On Fri, 2008-06-27 at 14:05 +0200, Manuel Teira wrote:
> Alan Conway escribió:
> > On Wed, 2008-06-25 at 11:12 +0200, Manuel Teira wrote:
> >
> >> Hello. After a pair of weeks dealing with random, uninteresting stuff,
> >> I'm back to the solaris port effort. I would like to wake up this issue
> >> again, since it's a stopper for the solaris testing I'm trying to do.
> >>
> >> After all this discussion, what seems to be true, is:
> >> 1.-The static initialization order is not the desired one.
> >> 2.-Inlining the Mutex.h annonymous code in every Mutex usage, produces
> >> multiple instances of onceControl and mutexattr, whereas the intended
> >> behaviour was to have single instances, to be shared across the code.
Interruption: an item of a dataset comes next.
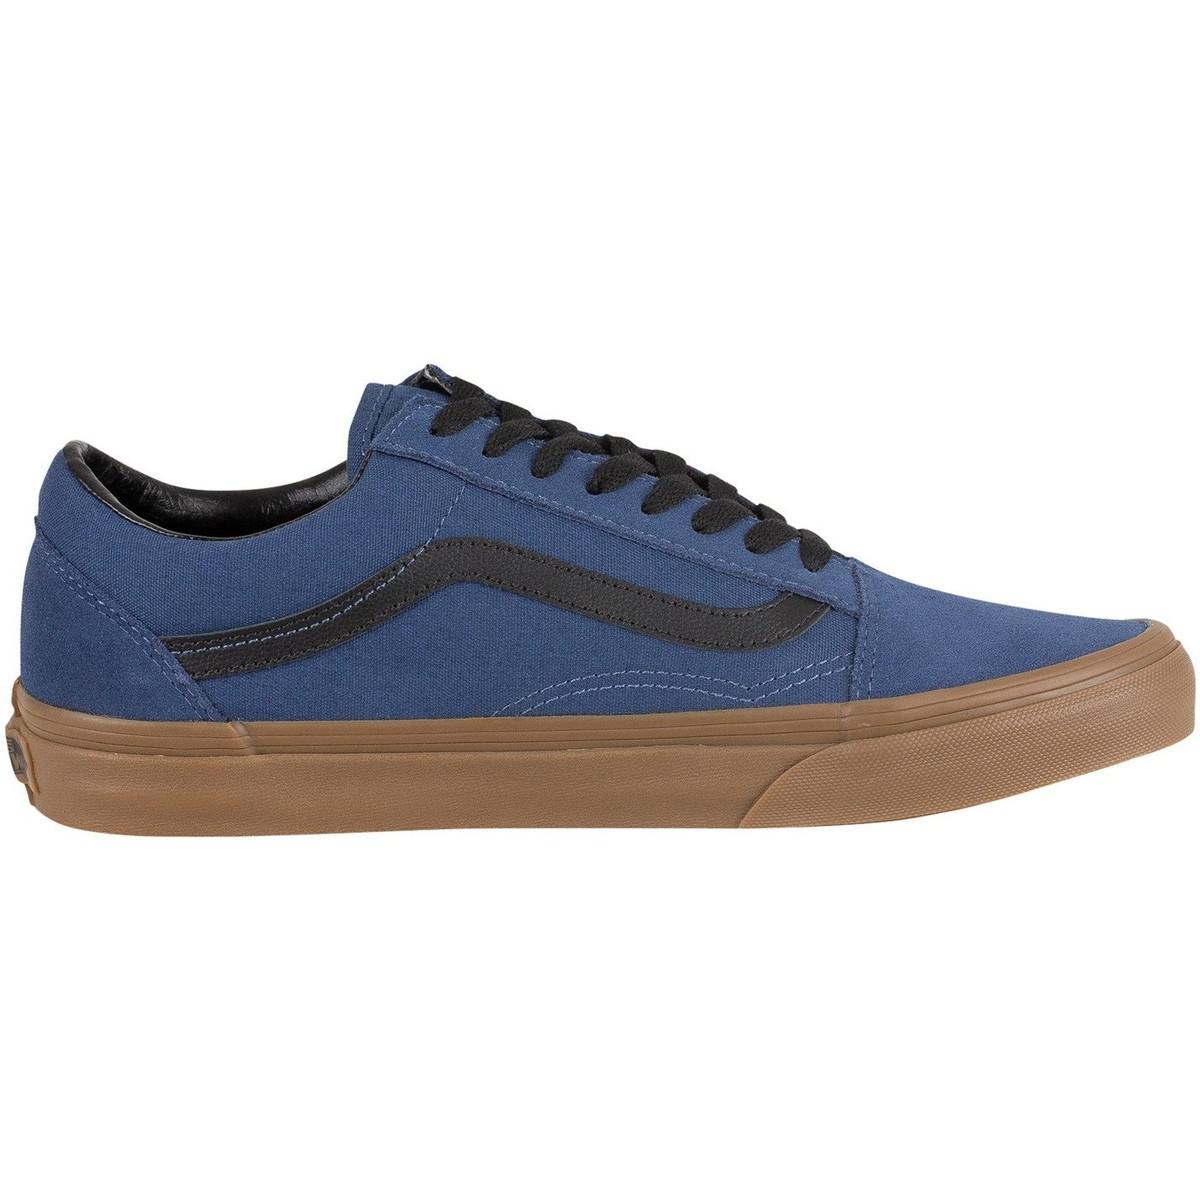 Vans Men's Old Skool Gum Outsole Trainers, Blue Men's Shoes (trainers) In Blue for Men

> >> 3.-About the PODMutex discussion, it is not needed here, since the
> >> pthread_once_t usage is giving us the desired "one-shot" behaviour.
> >>
> >> It was also said, that fixing #2 could lead to get #1 fixed. Anyway,
> >> what is the recommended technique to "force" static initialization if
> >> having #2 fixed is not helping?
> >>
> >>
> >
> > Just committed a fix that removes the need for a global object with a
> > constructor so should fix any init order problems. Also took this code
> > out of line so it's genuinely once, not once-per-compilation-unit. Shout
> > if it doesn't fix the problem or creates any new ones.
> >
> Great, it got fixed!!
>
> Most of the tests are passing now, but running the federation tests the
> old dynamic_cast monster related with the Sun compiler bug arises again.
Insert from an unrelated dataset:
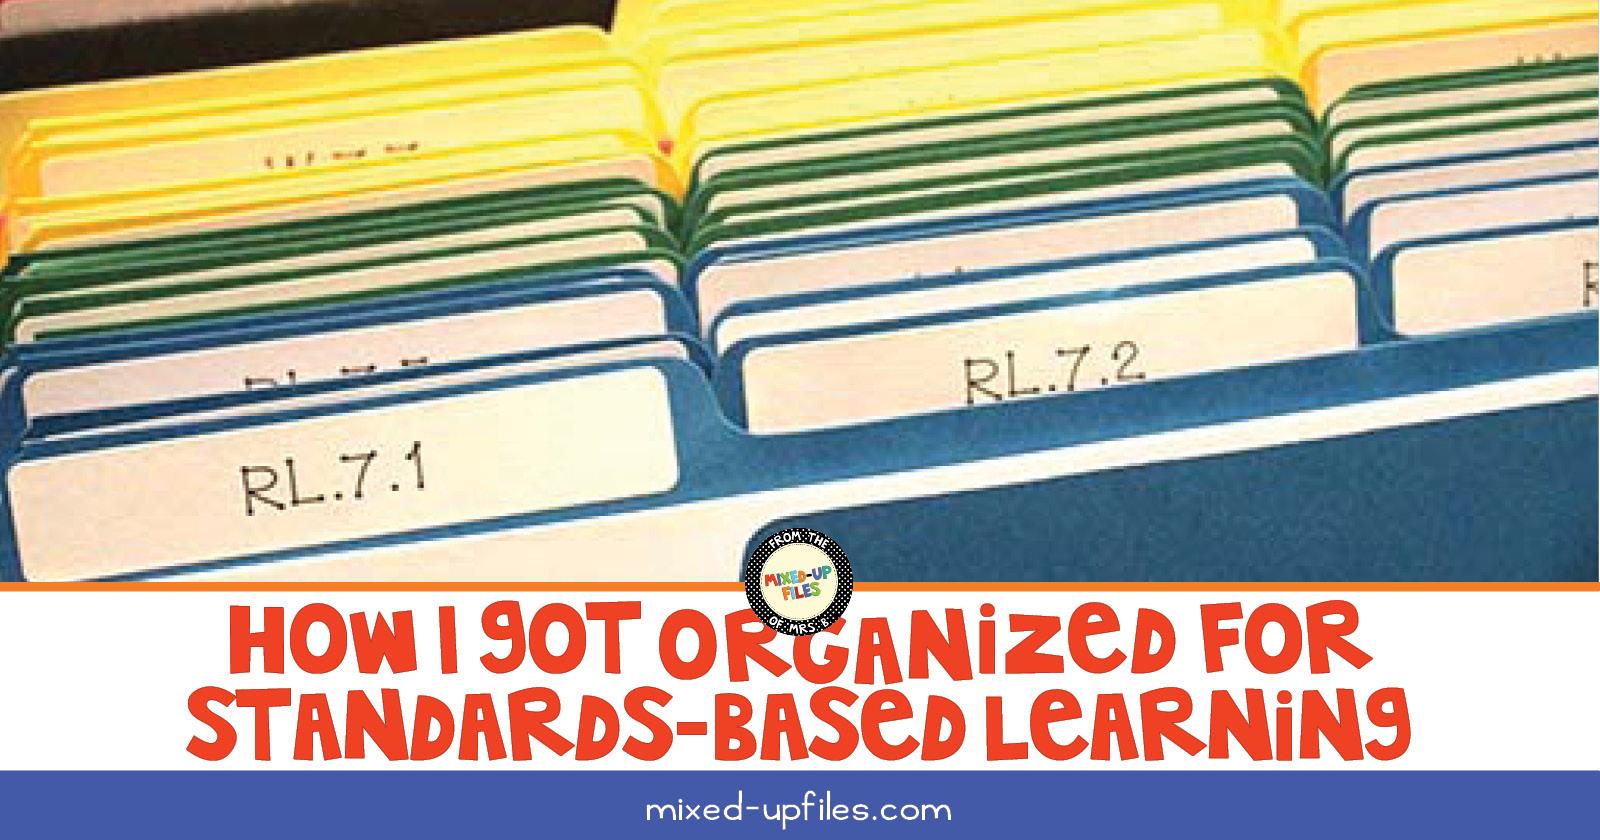 How I got organized for standards-based learning

> The problem was due to AsynchConnector being implemented in terms of
> DispatchHandle, so, I had to change that inheritance to be public also.
>
> I would like to show you how I've handled this workaround, to see if
> this is an acceptable way to do it:
>
> class AsynchConnector :
> //Bug http://bugs.sun.com/bugdatabase/view_bug.do?bug_id=6710638
> //Should be private inheritance
> #ifdef __SUNPRO_CC
> public
> #else
> private
> #endif
> DispatchHandle {
> public:
> ...
>
> The same for AsynchIO. This way, we will only use that inheritance when
> using the Sun Studio compiler, at least while that bug doesn't get
> fixed. Perhaps we should vote for it to get fixed. ;-)
>
> Also, I would like to know what is the state of the JIRA issues I
> submitted for the solaris port (QPID-1132 and QPID-1133), I mean, did
> you have time to look at them, are there any problem with them,...?
>
> I have another bunch of changes, most related with inclusion
> differences. Perhaps they could be added without wrapping them in a
> #ifdef clause, but I'm not sure. My plan is to open a new JIRA for those
> changes, and expose them to your consideration. What do you think? (I'm
> talking about this kind of modifications) :
>
> -bash-3.00$ svn diff ../../src/qpid/sys/posix/AsynchIO.cpp
> Index: ../../src/qpid/sys/posix/AsynchIO.cpp
> ===================================================================
> --- ../../src/qpid/sys/posix/AsynchIO.cpp (revision 671815)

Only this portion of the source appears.